I suspect that the cause of this error is the race condition between
file deletion by startup process and fsync by bgwriter: TRUNCATE xlog
record immediately deletes the corresponding file, while it might be
scheduled to be fsynced by bgwriter. We should leave the actual file
deletion to bgwriter instead of startup process, like normal mode?
I think the real problem is this in mdunlink():
/* Register request to unlink first segment later */
if (!isRedo && forkNum == MAIN_FORKNUM)
register_unlink(rnode);
When we replay the unlink of the relation, we don't te bgwriter about
it. Normally we do, so bgwriter knows that if the fsync() fails with
ENOENT, it's ok since the file was deleted.
It's tempting to just remove the "!isRedo" condition, but then we have
another problem: if bgwriter hasn't been started yet, and the shmem
queue is full, we get stuck in register_unlink() trying to send the
message and failing.
In archive recovery, we always start bgwriter at the beginning of WAL
replay. In crash recovery, we don't start bgwriter until the end of wAL
replay. So we could change the "!isRedo" condition to
"!InArchiveRecovery". It's not a very clean solution, but it's simple.
Hmm, what happens when the startup process performs a write, and
bgwriter is not running?
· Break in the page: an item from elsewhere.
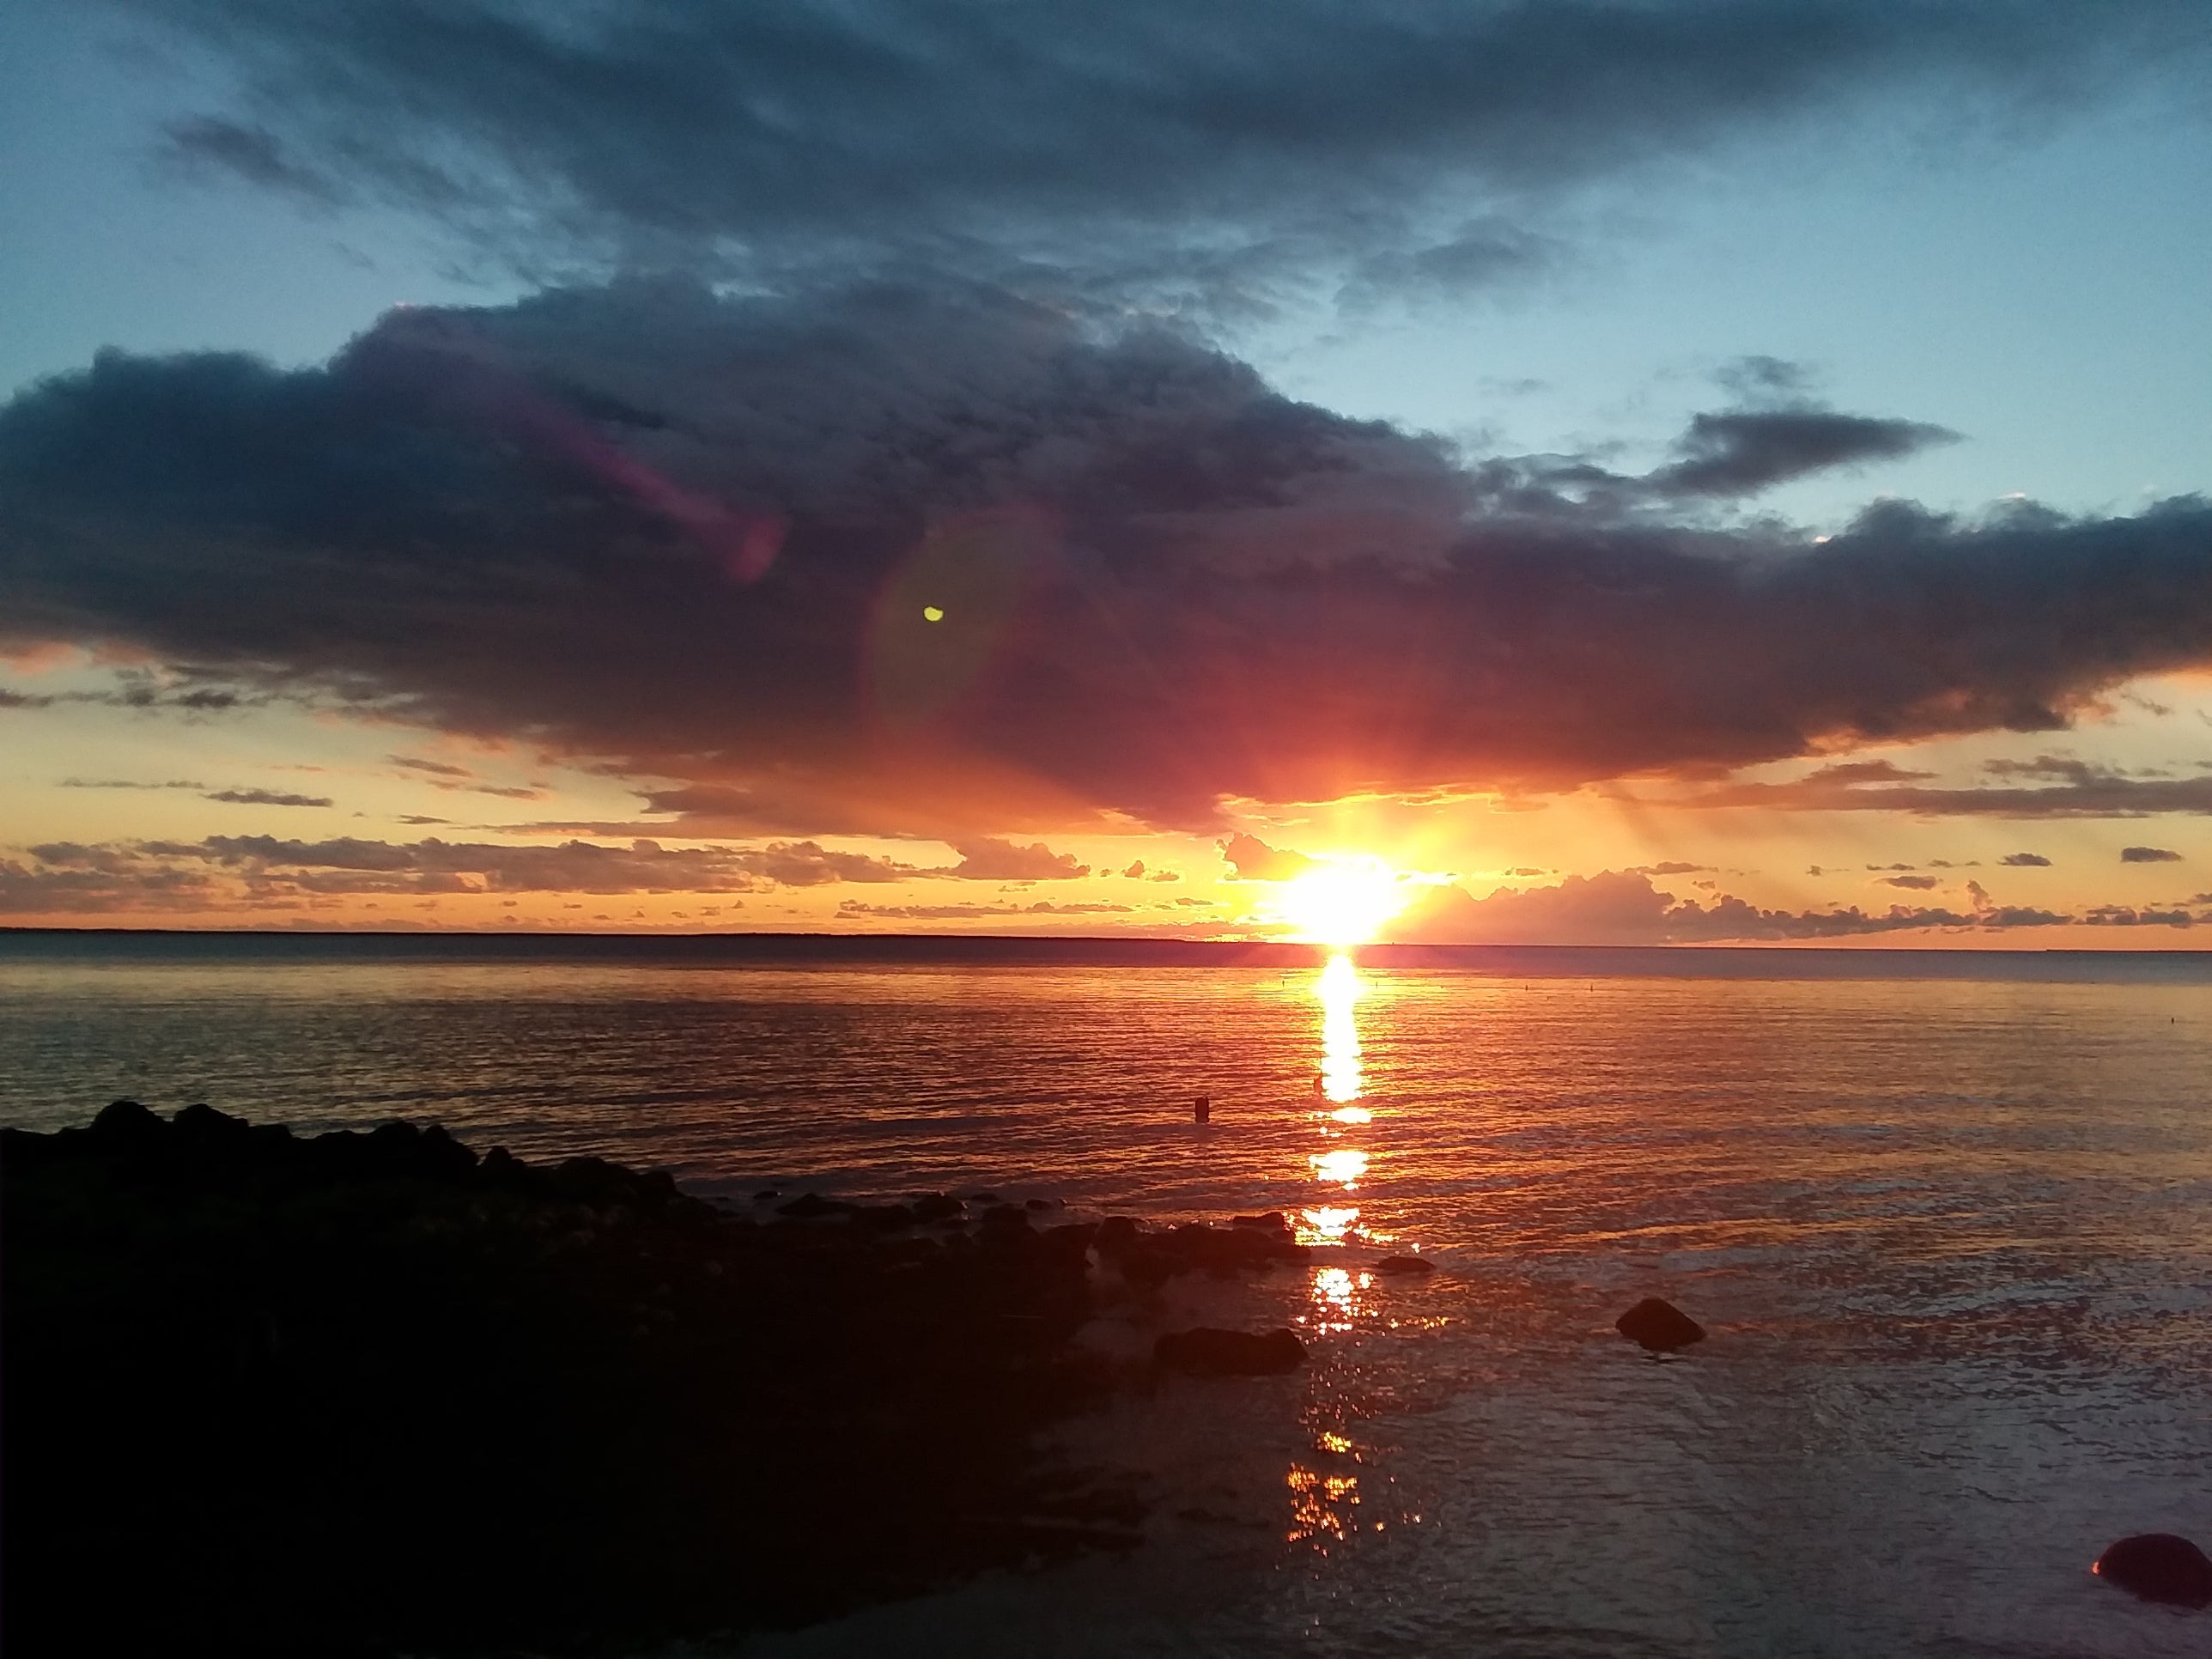 Amazing sunsets here in North Cove at the mouth of Willapa Bay

Do the fsync requests queue up in the shmem
queue until the end of recovery when bgwriter is launched? I guess I'll
have to try it out...
--
Heikki Linnakangas
EnterpriseDB http://www.enterprisedb.com
Heikki Linnakangas wrote:
Hmm, what happens when the startup process performs a write, and
bgwriter is not running? Do the fsync requests queue up in the shmem
queue until the end of recovery when bgwriter is launched? I guess I'll
have to try it out...
Oh dear, doesn't look good. The startup process has a pendingOpsTable of
its own. bgwriter won't fsync() files that the startup process has
written itself. That needs to be fixed, or you can lose data when an
archive recovery crashes after a restartpoint.
--
Heikki Linnakangas
EnterpriseDB http://www.enterprisedb.com
Heikki Linnakangas <heikki.linnakangas@enterprisedb.com> writes:
In archive recovery, we always start bgwriter at the beginning of WAL
replay. In crash recovery, we don't start bgwriter until the end of wAL
replay. So we could change the "!isRedo" condition to
"!InArchiveRecovery". It's not a very clean solution, but it's simple.
This is probably what is needed. We need to look around for other tests
of "in redo" that have been obsoleted by the change in bgwriter
behavior.
regards, tom lane
On Thu, 2009-06-25 at 12:55 +0000, Fujii Masao wrote:
The restartpoint by bgwriter in recovery mode caused the following error.
ERROR: could not fsync segment 0 of relation base/11564/16422_fsm: No
such file or directory
I think I see a related bug also.
register_dirty_segment() run by Startup process doesn't differentiate
correctly whether the bgwriter is active. md.c line 1194. So it will
continue to register fsync requests into its own private pendingOpsTable
when it should be forwarding them to bgwriter. When bgwriter runs
mdsync() the contents of startup's pendingOpsTable will be ignored.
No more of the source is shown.